Женщина глянула на Русика так, словно через силу заставила себя внимательно разглядеть его, и нехотя, брезгливо скривила губы, не найдя в нем ничего интересного. Неожиданно шагнув к Русику, она склонилась над ним, опахнув нежным запахом лосьонов, сигаретного дыма:
— Ну-ка говори, рыжая бестия, что он тебе тут рассказывал, какие сказки?
— Про море мы... какое глубокое...
Метнув в рот сигарету, женщина протянула длинную руку, вцепилась острыми красными ногтями в Русиковы волосы, приподняла его с гальки, повернула к себе лицом — он увидел ее глаза, круглые, белые, как начищенные серебряные монеты,— и женщина оттолкнула его, негромко сказав:
— Чтоб я тебя больше не видела, дрянь шалавая! И ни слова никому! Понял?
Русик отбежал, позабыв прихватить свои вещи, подумал, что женщина расшвыряет их со злости, однако она уже не смотрела на него, нервно одевала Плутония Сириуса, устыжая ласковыми словами, потом толкнула его ладошкой в спину, повела впереди себя.
Они шли, высокая и тонкая, коротенький и толстый. Под ним тяжело скрипела галька, под ней — позванивала. Он ссутулился, втянул голову в борцовские плечи — голова лежала на плечах лохматым шаром, — свесил вяло и низко руки, смотрел себе под ноги, как виноватый, выпивший лишку мужик. Она вытянулась в струнку, медленно поводила головой, чуть кивая знакомым, и, казалось, полы халатика, отброшенные за спину, не смели касаться ее сердитого тела. Она была похожа на очень строгую дет садовскую воспитательницу и на неродную маму.
Вскоре Плутоний Сириус затерялся в пестром, шумном пляжном многолюдье. Русик вздохнул облегченно и обиженно. И едва не заплакал: «Зачем они так?.. Почему они такие?..»
Придя на мыс, он не стал разматывать удочку, готовить наживку: время упущено, рыба клевать не будет — полдень, самая жара, все засыпает в море и на суше. Да и старик Шаланда вон уже пробирается по камням к берегу, штаны засучены выше колен, пиджак отвис, кукан с бычками волочит по воде. Выкарабкался кряхтя, заметил Русика, вроде немного удивился, помотал белой головой:
— Здоров был, любимец! Опять тута?
— Опять.
— Ты как этот... комендант моря.
— Ты тоже.
— Ну, веселый любимец, ничего живешь-можешь?
— Помаленьку.
— Правильно делаешь. А я вон сколько наловил — твоему коту на раз мало будет. Штиль. Вода ушла, рыба уплыла, где поглубже. Ветер «степняк» — никудышний рыбак. Пойду, думаю, перекушу, пережду, вечерком подловлю.
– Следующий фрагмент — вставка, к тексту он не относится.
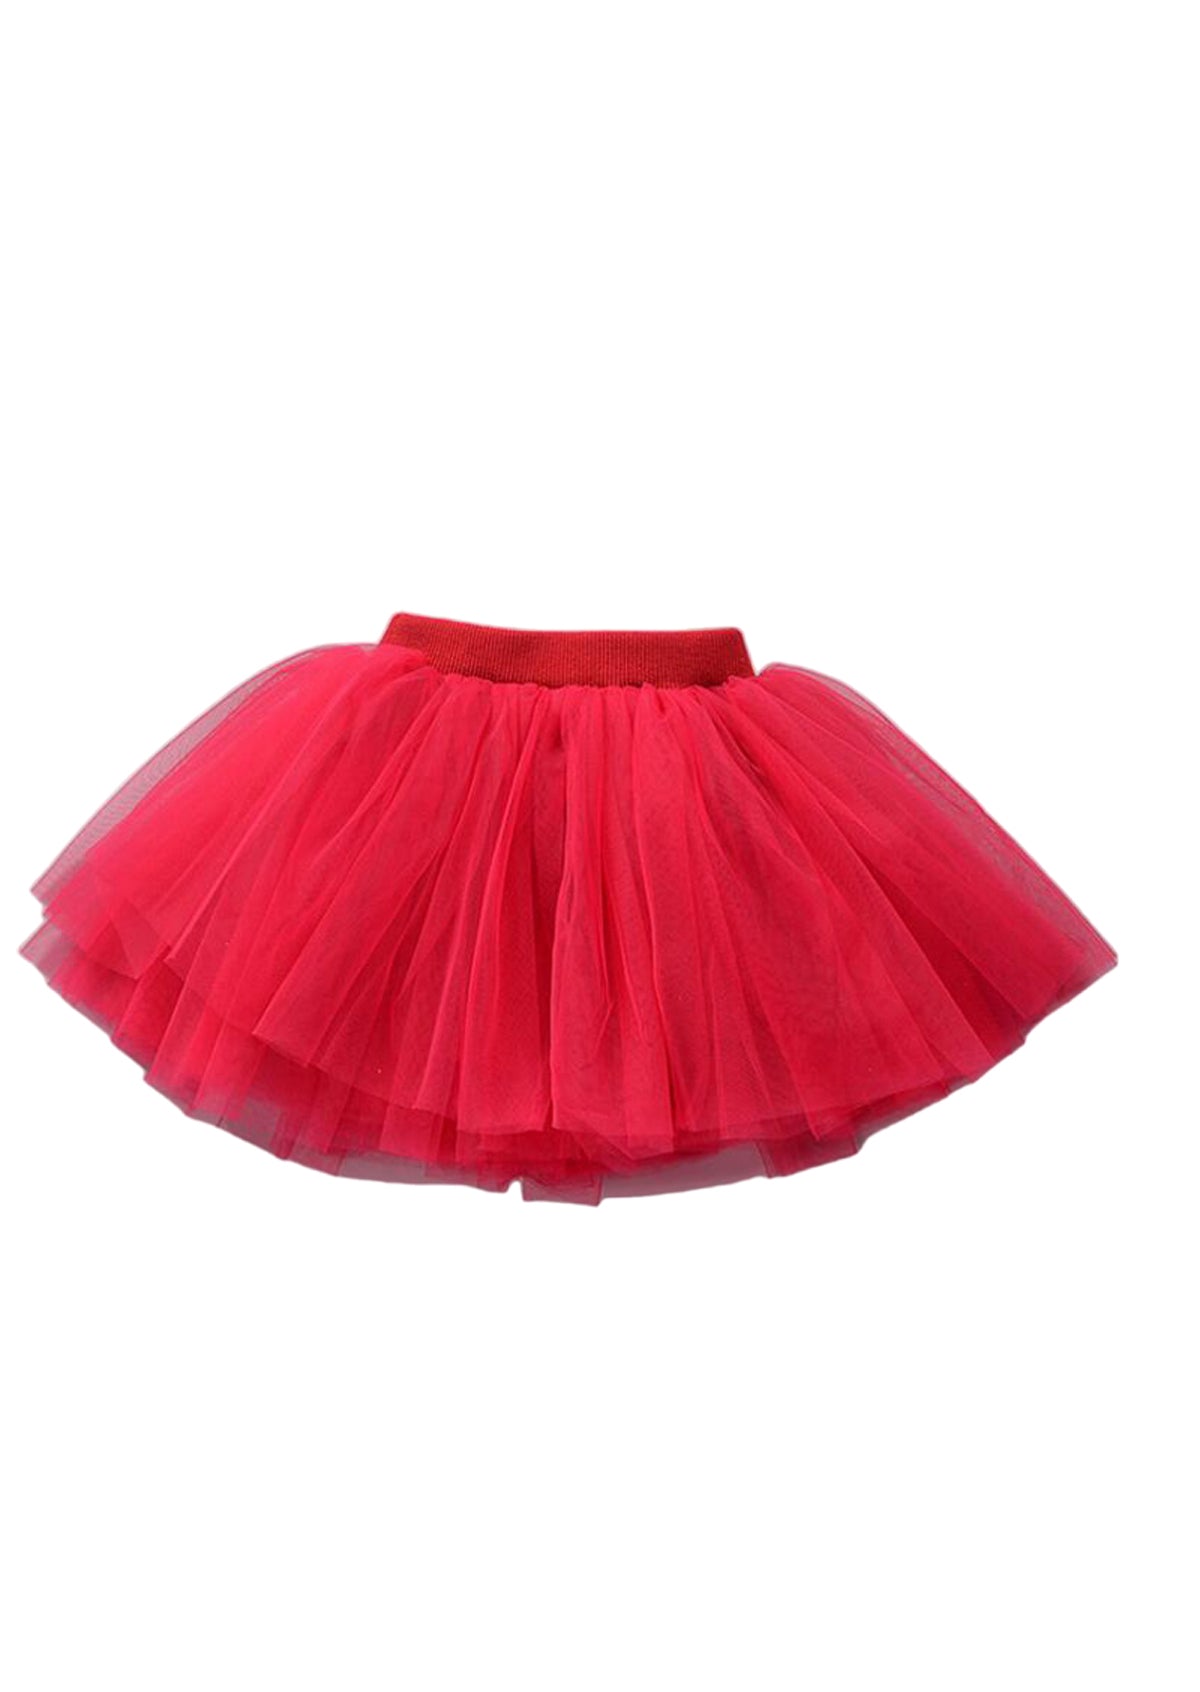 Red Tutu Tulle Skirt

— У меня есть. Хочешь? — Русик поднял и показал Шаланде клеенчатую сумку.
— А это... тебя не обижу?
— Я с запасом беру всегда. Мама побольше дает. Если поделюсь — чтобы самому хватило.
— Пошли тогда в тенек, вон в нашу пещеру. Закусим, переждем жару. Я и сам прихватываю чего поесть, да сегодня заторопился: вижу, «степняк» потянул — червя схватить надо. Спас, считай, Шаланду: в гору лезть — ноги переламывать. Взаимовыручка называется. В другой раз бабки Сониного пирога тебе принесу. Хорошие печет, с вишеньями.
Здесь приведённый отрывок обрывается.